Federal Environment Minister Greg Hunt has announced funding for Hyde Park Barracks Museum and the Museum of Sydney – the site of the first Government House.

The grants have been made under the Australian Government’s Protecting National Historic Sites Programme, with $1 million for Hyde Park Barracks and $820,000 for Museum of Sydney.

“I’m delighted with this funding for Hyde Park Barracks Museum and Museum of Sydney, two significant properties with a rich history and connection back to the earliest period of British colonial settlement,” Mr Speakman said.

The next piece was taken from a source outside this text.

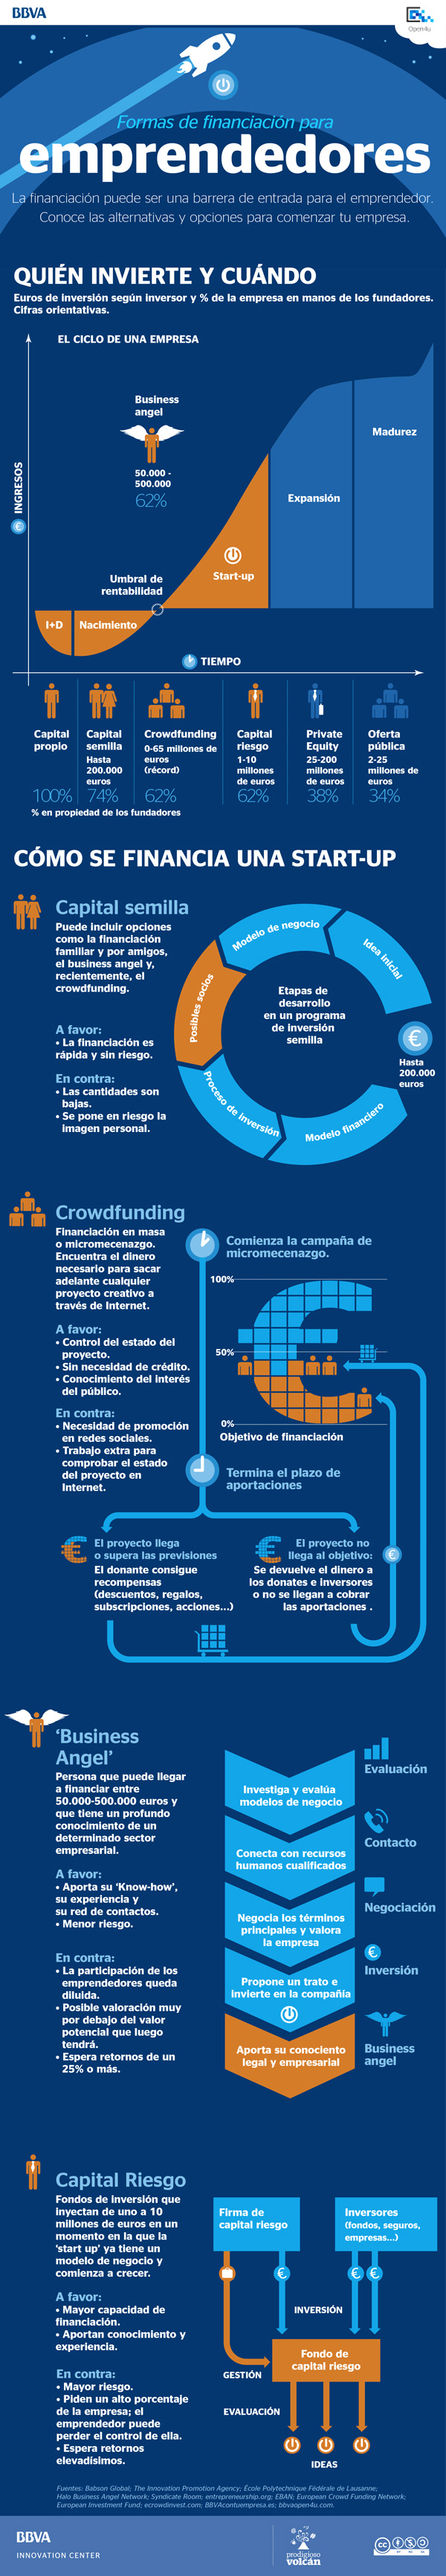 Formas de financiación para emprendedores

Hyde Park Barracks was Sydney’s principal prison between 1819 and 1848 and is now a UNESCO World Heritage-listed public museum and site with an internationally significant archaeological collection.

The funding will ensure Hyde Park Barracks Museum continues to meet UNESCO World Heritage Standards, by enabling Sydney Living Museums to revisit the site’s conservation management plan as well as to investigate ways to improve the visitor experience.

“The Barracks is one of our most visited sites,” Mr Speakman said.

Now part of Museum of Sydney, the site of the first Government House, with its intact archaeological collection, is significant as the only tangible link to the first year of European settlement, colonial government and the development of Sydney.

The funding will ensure the development of a new conservation management plan for the first Government House and enable us to investigate ways to enhance visitor interpretation and to improve access to the original 1788 archaeological remnants.

Sydney Living Museums manages and cares for 12 of the most important historic houses, gardens and museums in NSW, Elizabeth Farm, Vaucluse House, Susannah Place Museum and Museum of Sydney.

Visitors can discover the histories of these sites and the many people connected to them, from convicts and free settlers, Aboriginal clans and colonists, to troopers and bushrangers.